McLaughlin was ‘shitting myself’ over brain injury concerns

Scott McLaughlin with his team before being taken to hospital

Scott McLaughlin has revealed that he was crying in hospital such was the concern for his wellbeing in the hours after his spectacular crash at the Vodafone Gold Coast 600.

There were fears that the championship leader had incurred brain injuries in the 43G impact, leading to a series of test in hospital.

McLaughlin cannoned between the walls as he exited the front chicane during Sunday’s Armor All Qualifying session, which picked up his Mustang before it came to rest on its side on approach to the Turn 4 hairpin.

The Shell V-Power Racing Team driver was able to walk to the medical car and then released from the circuit medical centre apparently with a clean bill of health.


However, having developed neck pain and slurred his words in a television interview, he was subsequently taken to hospital upon the recommendation of Supercars medical delegate Dr Carl Le.

Speaking on his latest Balls & Bumpers podcast on RSN927 radio, McLaughlin explained that it was there that he became frightened about his health having initially laughed off the incident.

“The first medical check, I was cracking jokes, I was like, ‘Come on, let’s go, I want to go have a beer and enjoy, like at least watch the race with the team, at least see what goes on,’ and then I just went downhill after that last Fox Sports interview,” recounted McLaughlin.
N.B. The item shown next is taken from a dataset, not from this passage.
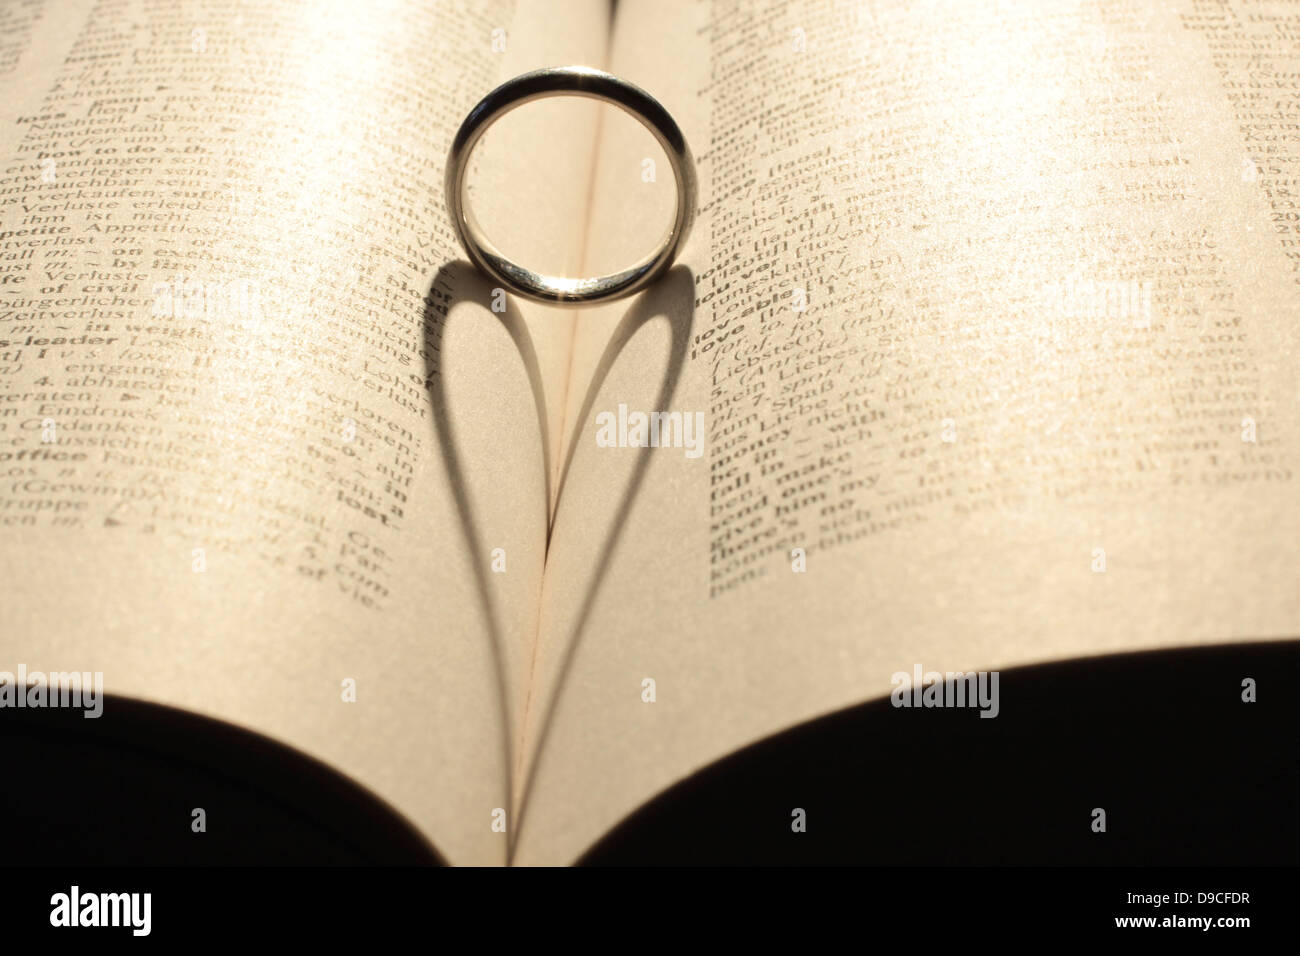 Heart shadow from wedding ring on book Stock Photo
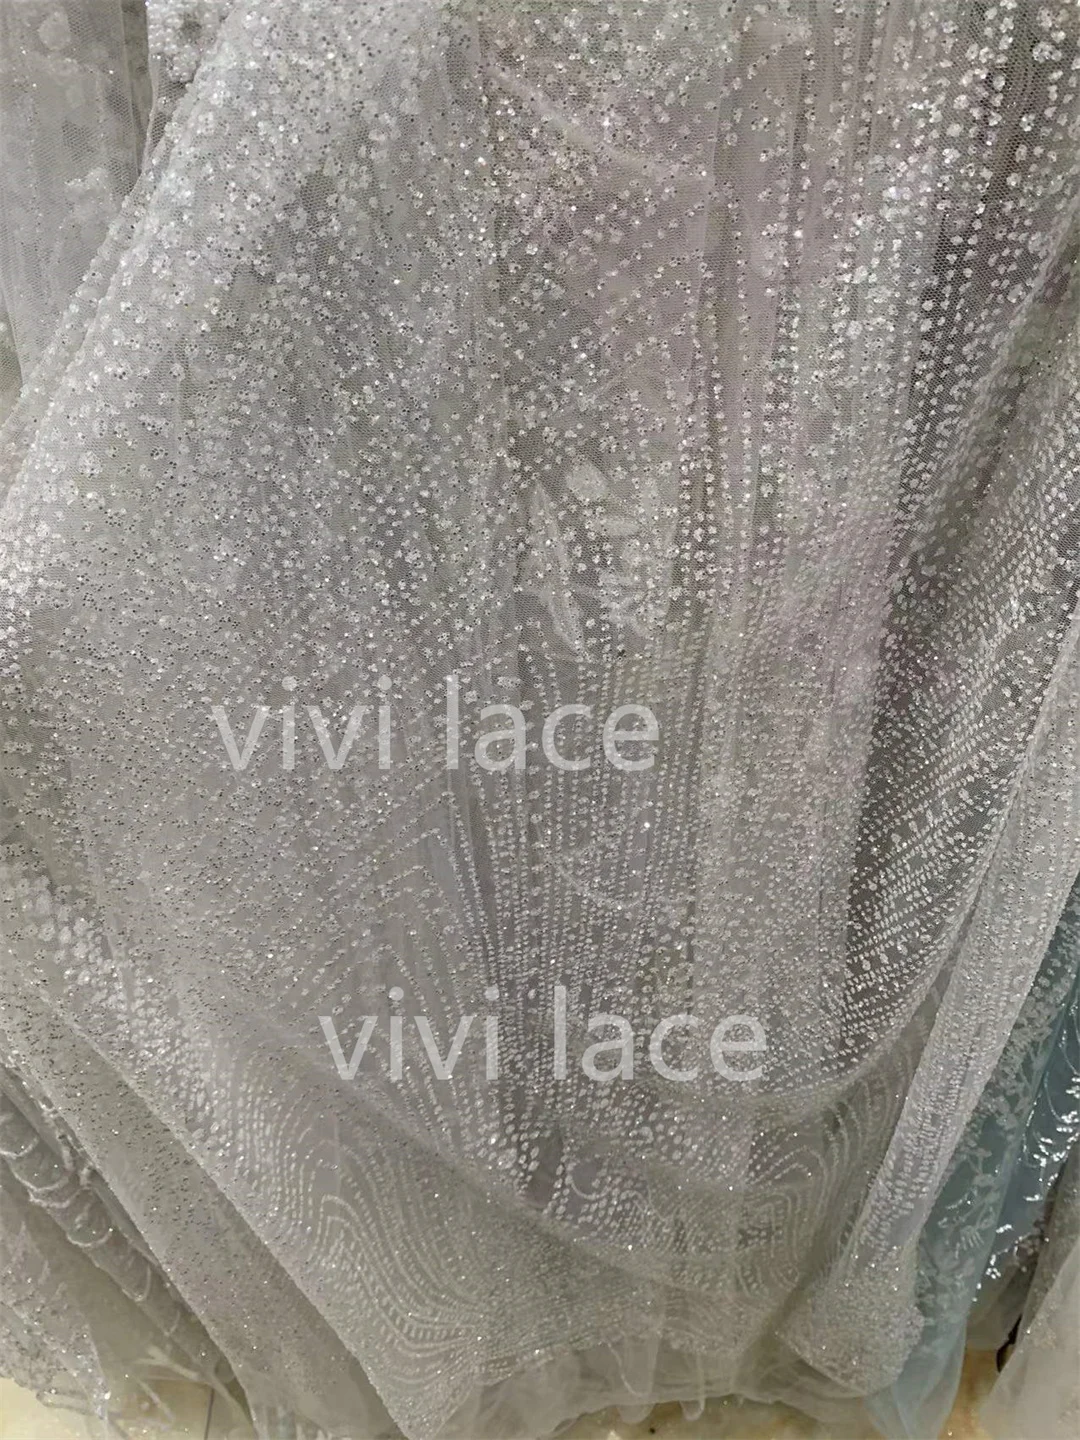 

5 Yards Wedding Couture Crystal White Bling Glitter Glued Tulle Lace African Fabric For Sawing Party Dress/Occasion

“So I went in and they said that the impact that I had – after they got the G (force) ratings – was actually equivalent to someone (where) the body been through trauma, so I was a trauma patient from that point on.

“Obviously I went to the hospital so I was lying on the bed for about 40 minutes and they were all good, there were about 400 doctors around me at the same time; it was full on.

“Then I was just stuck in the neck brace, which was so incredibly uncomfortable, and then they said, ‘Look, we want to take you for a CT scan on your head and neck, just to check if it’s alright; should take like five minutes.’

“Then the scan sort of took like 15, 20 minutes, and I was like, ‘This is weird’. They’ve sort of come out and no one was really talking to me and stuff and they said, ‘Oh, we just sort of saw a little bit of an abnormality on the brain and stuff.

“Just, ‘It’s meant to be sort of 50/50, very,’ I guess, ‘parallel in what the brain looks like but it does look like yours has moved in some ways and there’s like a little bit of fluid or substance there or something like that so we’re going to put you in for an MRI.

“’We don’t know whether it could be bleeding, it could be whatever.’

“So there was three hours there before the MRI where I was just absolutely shitting myself. Everything’s going through my head, me and Karly (fiancé), I’m sort of sitting there crying and stuff because It’s just like, ‘What’s going to happen?’

“Life in general’s just been flipped upside down obviously straight away, but you just think the worst, right?

“Thankfully at that stage, before that MRI, they’d checked that my neck was alright, so I was all clear of the neck which was really nice, so I got the neck brace off and then I was just pushed around in a wheelchair and stuff.

“Then went to the MRI and they checked it all and an hour later I was watching the end of the race, and literally (at) the end of the Supercars race, a doctor came in and said, ‘Hey mate, got the all clear, you’re ready to get back into it, just got to chill out for a few days or for a week or so and come back.’”

That news came as a great relief to the 26-year-old, who added, “I think I’ve still got to go through a check-up before Sandown, but I should be pretty good.

“But the relief and stuff after that… because you just think the worst straight away, right, and I was so, so nervous and just sort of, almost – I probably sound like a bit of a sook – but I did well up a bit and teared up a bit because I was just like ‘Thank god’ and gave Karly a big hug and kiss.

“It’s just ironic that once the Supercars race was finished it was like, ‘Alright, you’re good to go now’. It was quite funny how it all happened.”

With the crashed car written off, McLaughlin will get behind the wheel to shake down his replacement chassis if there is time to do so before the following event.

Otherwise, his next drive will likely be in practice for the Penrite Oil Sandown 500 on Friday, November 8.